Regarding the impact of stone burden, two studies investigating the use of preoperative stents showed that overall, stones >1 cm in size had a significantly longer operative time than stones ≤1 cm in size. ^18,19 The cost for treatment of stones >1 cm was higher than the cost for stones ≤1 cm in size, regardless of whether or not the patient had been stented preoperatively. ¹⁹ Similarly, our data show that ureteroscopy case cost rises proportionally with increasing stone burden. Perhaps in a manner similar to bladder tumors, stone reimbursement rates should consider the size of the stone.

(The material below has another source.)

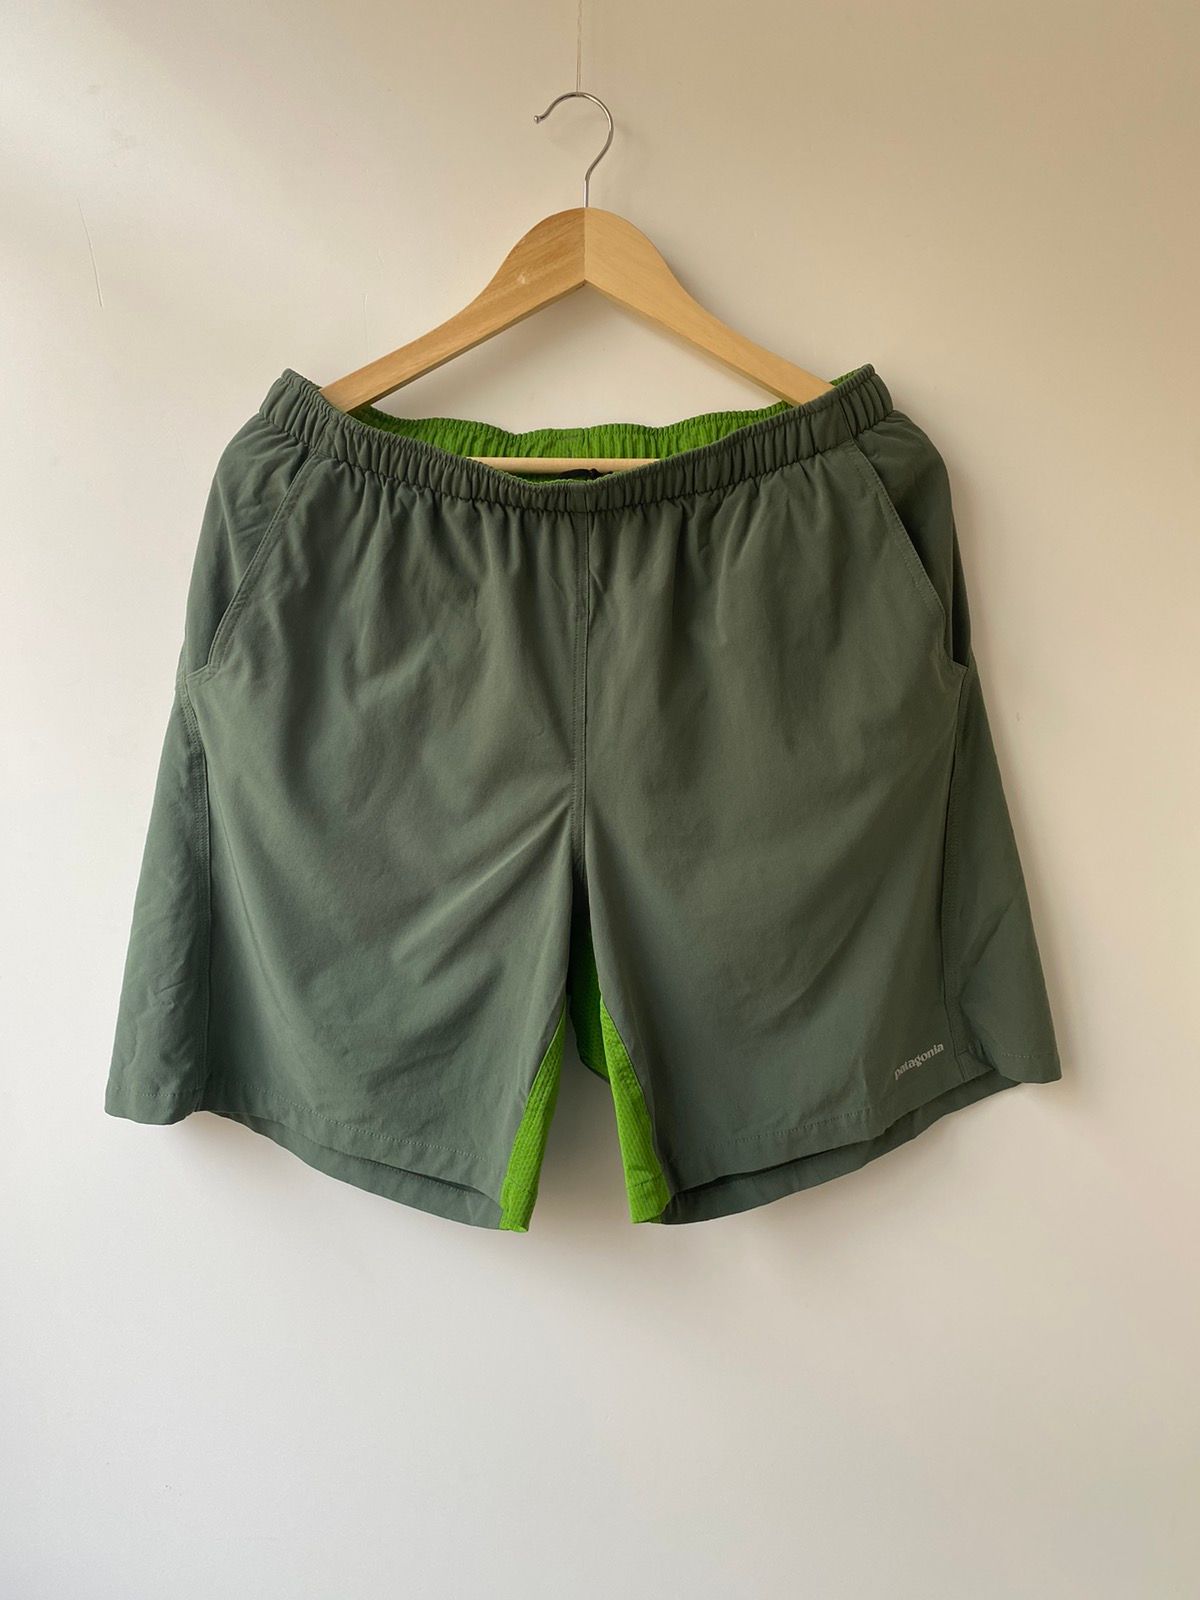 Patagonia Vintage Patagonia shorts outdoor style | Grailed

Another variable found to be associated with more expensive cases in our study was the absence of a dedicated urology scrub technician to assist in the case, whereas a dedicated circulating nurse had no effect. In our institution, the scrub technician has the primary responsibility for pulling and opening the appropriate equipment, assembling and preparing the equipment, and is scrubbed during the case assisting the surgeon. Subsequently it is intuitive that a well-trained scrub technician could reduce operating room time and minimize the impact of the circulating nurse. This is likely related to efficiency as previous studies have shown that utilizing consistent non-physician staffing in the operating room results in improved efficiency and decreases the overall length of operation. ²⁰ To our knowledge, our analysis of ureteroscopy cases is the first to investigate these multiple variables simultaneously and evaluate for interactions that may potentiate or mitigate their significance.

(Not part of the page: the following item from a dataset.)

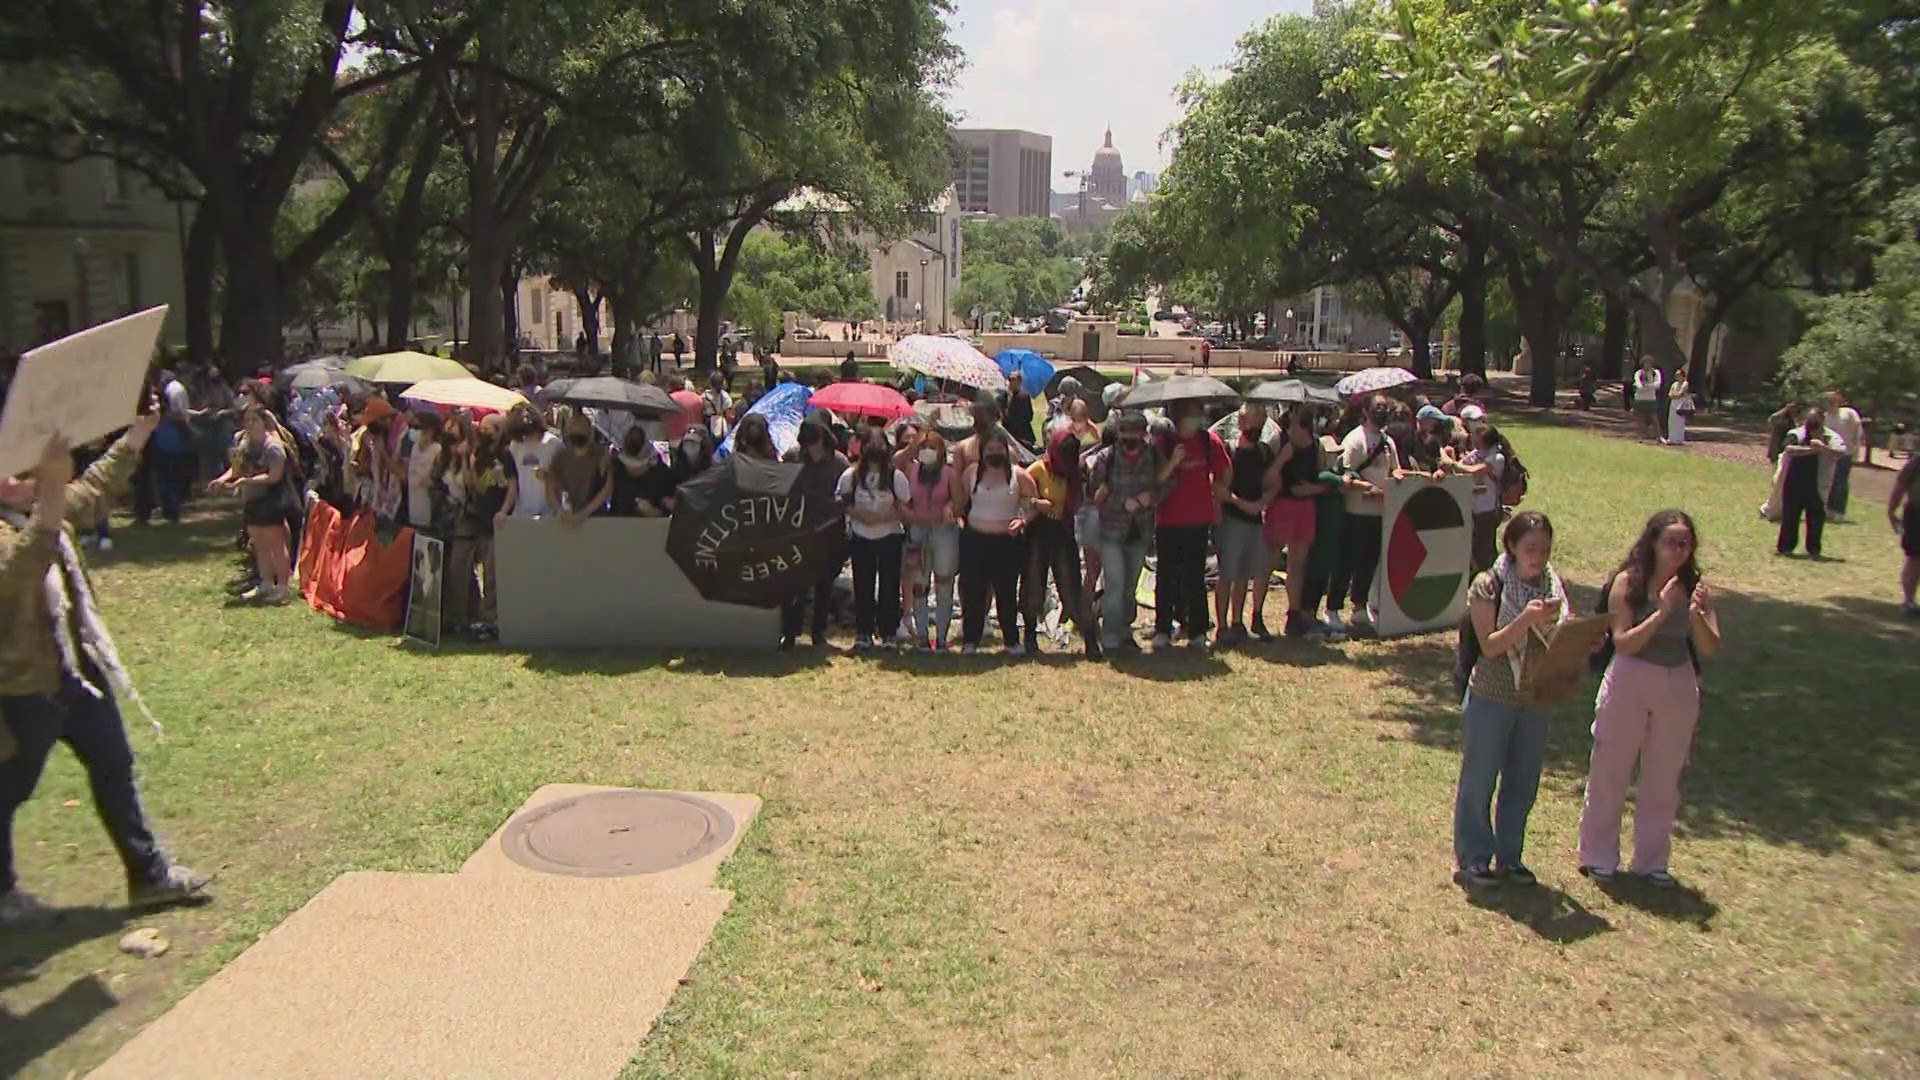 At the University of Texas in Austin, more than 100 people were arrested.

We acknowledge that other factors that were not significant or were not examined in our study could contribute to the cost of ureteroscopic procedures. In a prospective multicenter trial by Humphreys and colleagues that investigated the efficacy of stone dusting vs basketing, it was shown that basketing procedures had significantly longer operative times than dusting procedures. ¹⁰ We did not find a similar association; however, the majority of the patients in our cohort underwent dusting, thus limiting the power to detect a difference between those two modalities. There is also evidence that laser fibers have an impact on case cost. Chapman et al. found that despite the initial cost, disposable laser fibers were more cost-effective than reusable laser fibers for ureteroscopic lithotripsy because disposable fibers caused less damage to the ureteroscope and negated resterilization costs. ⁸ Even though the authors suggested that disposable laser fibers saved time, time was never investigated as an independent variable against cost of ureteroscopy. At our institution, laser fibers were all disposable and subsequently, we were unable to compare the cost-effectiveness of disposable and reusable fibers. In addition, our institution holds a vendor contract that covers the cost of ureteroscope repairs for the duration of the contract. Thus, we were unable to determine the impact of ureteroscope repair on case cost, which other institutions must take into consideration. Furthermore, our institution does not use disposable ureteroscopes, and subsequently, the effect of these disposable ureteroscopes on cost could not be determined. Also, this retrospective analysis was unable to account for the cost of wasted equipment (open/unused supplies) or wasted operating room time (nurse leaving to get equipment not present in the operating room and equipment malfunctions). Future prospective studies designed to evaluate the cost of these factors will be necessary. Despite these limitations, we feel that our novel analysis highlights that operative time is the dominant driver for case cost during ureteroscopy.

Conclusion

Operating room time is the primary determinant of case cost during ureteroscopy. Indirect factors that can increase procedure cost include large stone burden, resident training, and availability of dedicated operating room staff. All efforts should be made to decrease operative time to decrease cost, although balancing patient safety and maintaining resident education.